Schneider Electric has launched its Cybersecurity Risk Assessment (CRA) service in the UK and Ireland. The service allows Schneider Electric to remotely assess customers and provide them with an understanding of their cybersecurity risk posture by identifying gaps and key risk areas that need to be remediated.
Additionally, the new service provides recommendations and a roadmap to achieving cybersecurity objectives. Schneider Electric has already applied this process to its own Flint smart factory during the digital transformation of the facility, which is over 30 years old.
With damages from cybercrime expected to reach $6 trillion in 2021, a small chink in a company’s armour can result in substantial financial and reputational losses in today's business landscape.
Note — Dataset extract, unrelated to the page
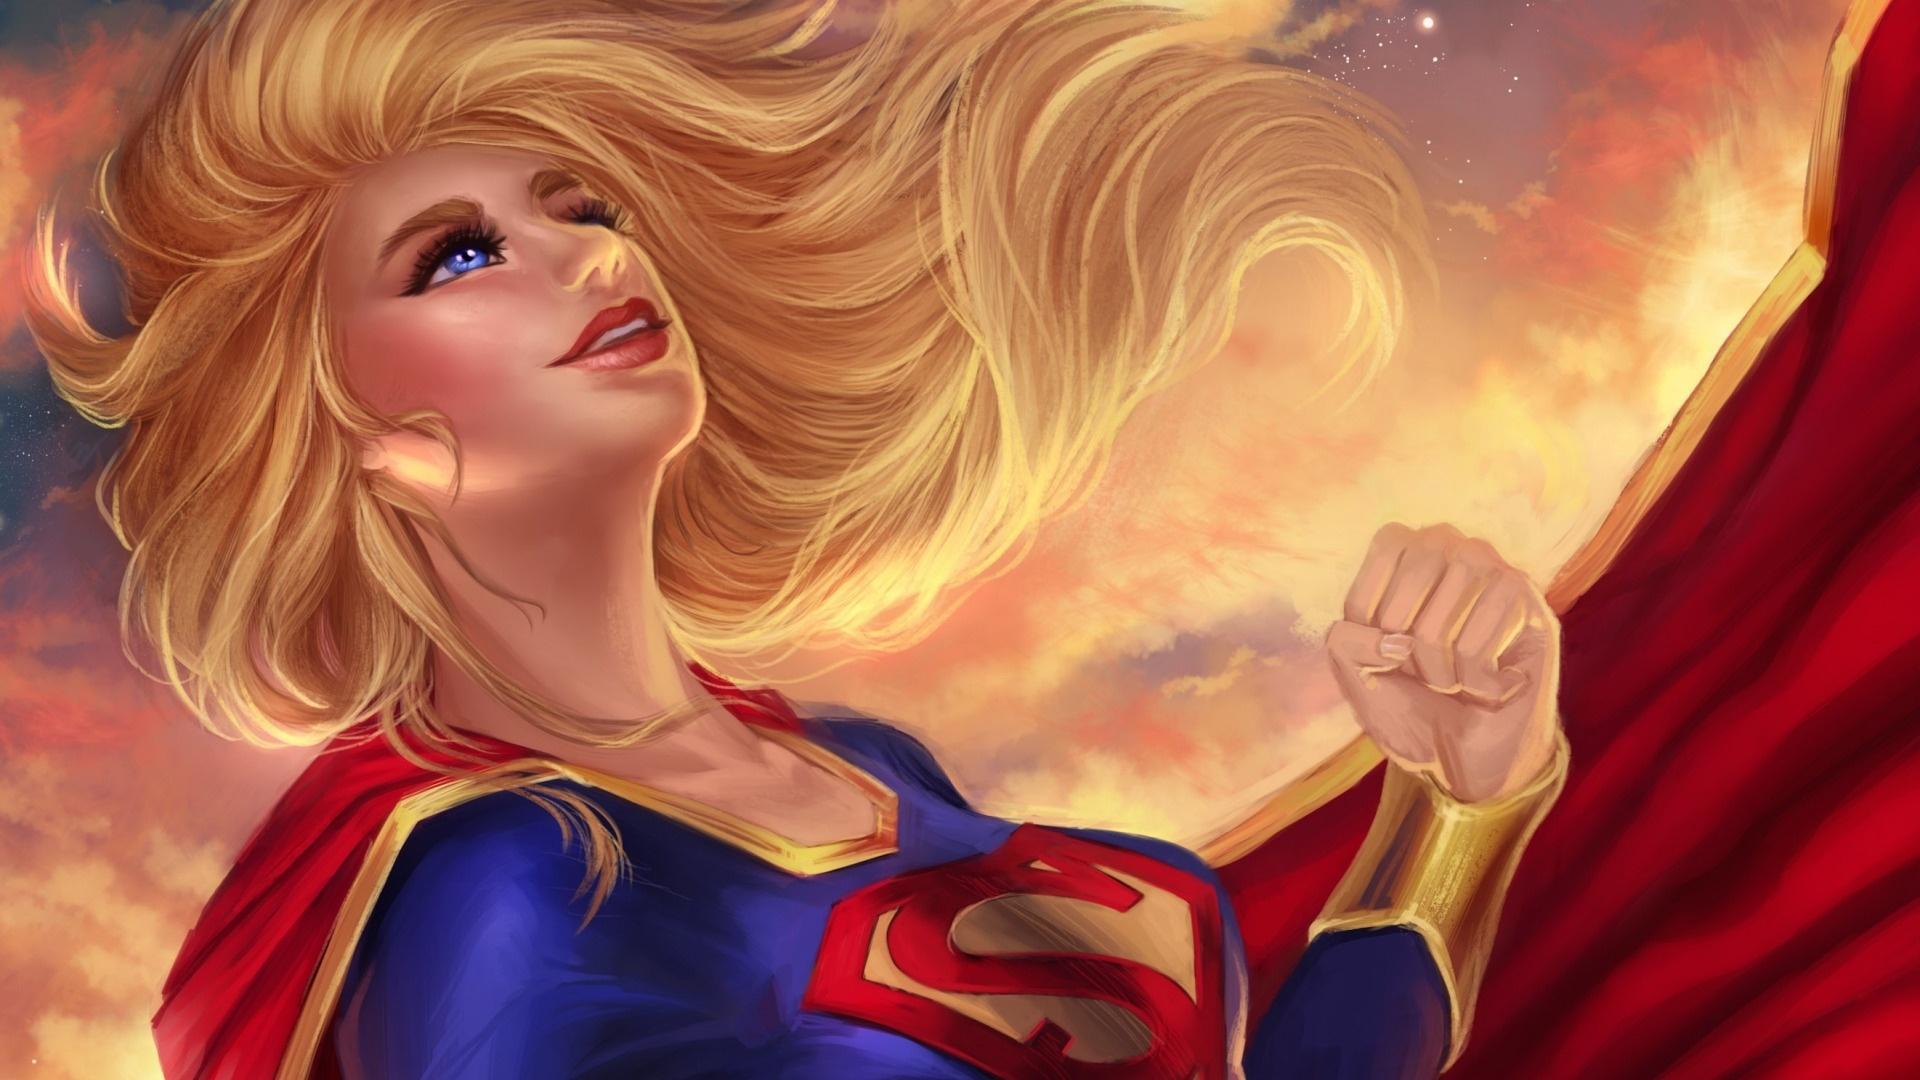 Supergirl computer background
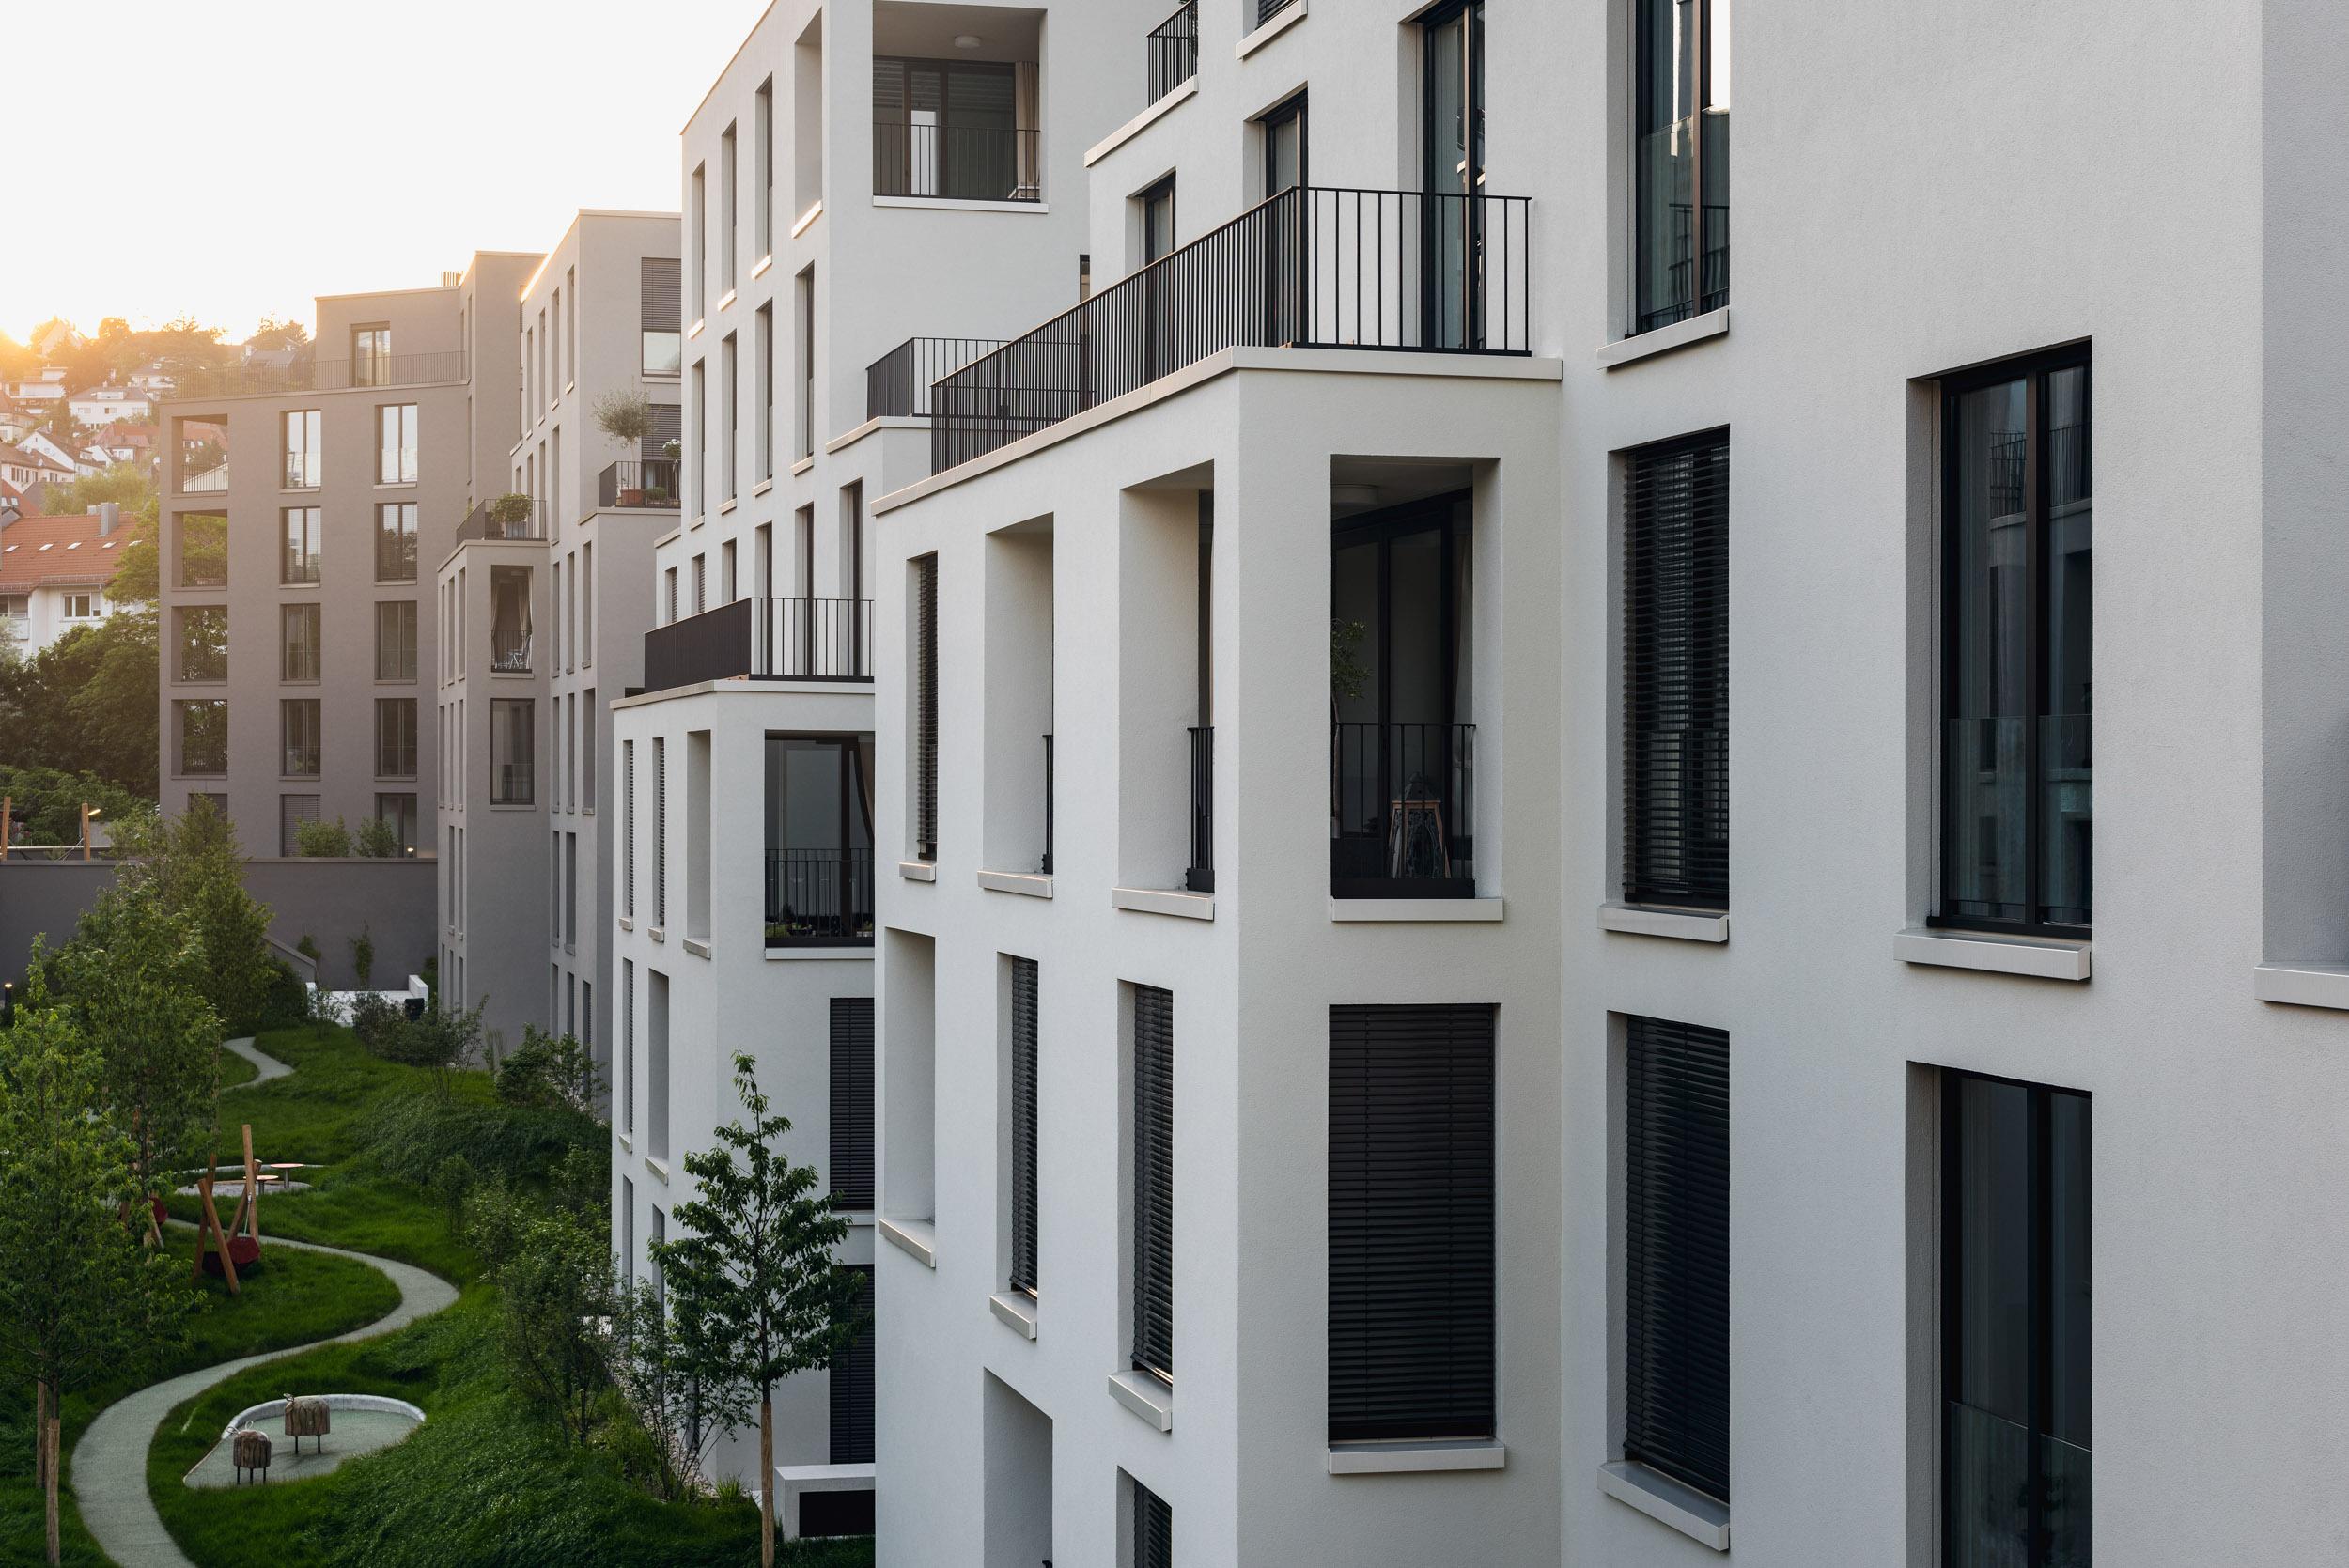 Gustav-Epple-Bauunternehmung-Stuttgart-Villengarten-MLX3350

“Assessing all the cyber threats a company faces can be a daunting task, but as attacks become increasingly common, firms cannot bury their heads in the sand,” says David Pownall, vice president of services UK & Ireland. “Schneider has created the CRA to be the first step in building a reliable and robust cybersecurity programme. This assessment should be the starting point when applying cybersecurity requirements in an operational technology (OT) environment.”
The CRA is a non-invasive high-level assessment performed by Schneider Electric’s OT cybersecurity experts. The service aligns to control categories found within industry best practices and standards.
To ensure a complete and actionable summary report, Schneider collects information about businesses’ OT systems before conducting interviews. This includes current cybersecurity policies, cyber program objectives, applicable standards, existing cybersecurity tools and technologies. This is all in addition to an OT network diagram, which displays the location of critical assets on the network.
Personnel data is also utilised, including identifying personnel most familiar with the OT network layout (OT / cyber knowledge) and stakeholders who can answer detailed technical questions regarding the OT equipment and assets used within the customer’s network.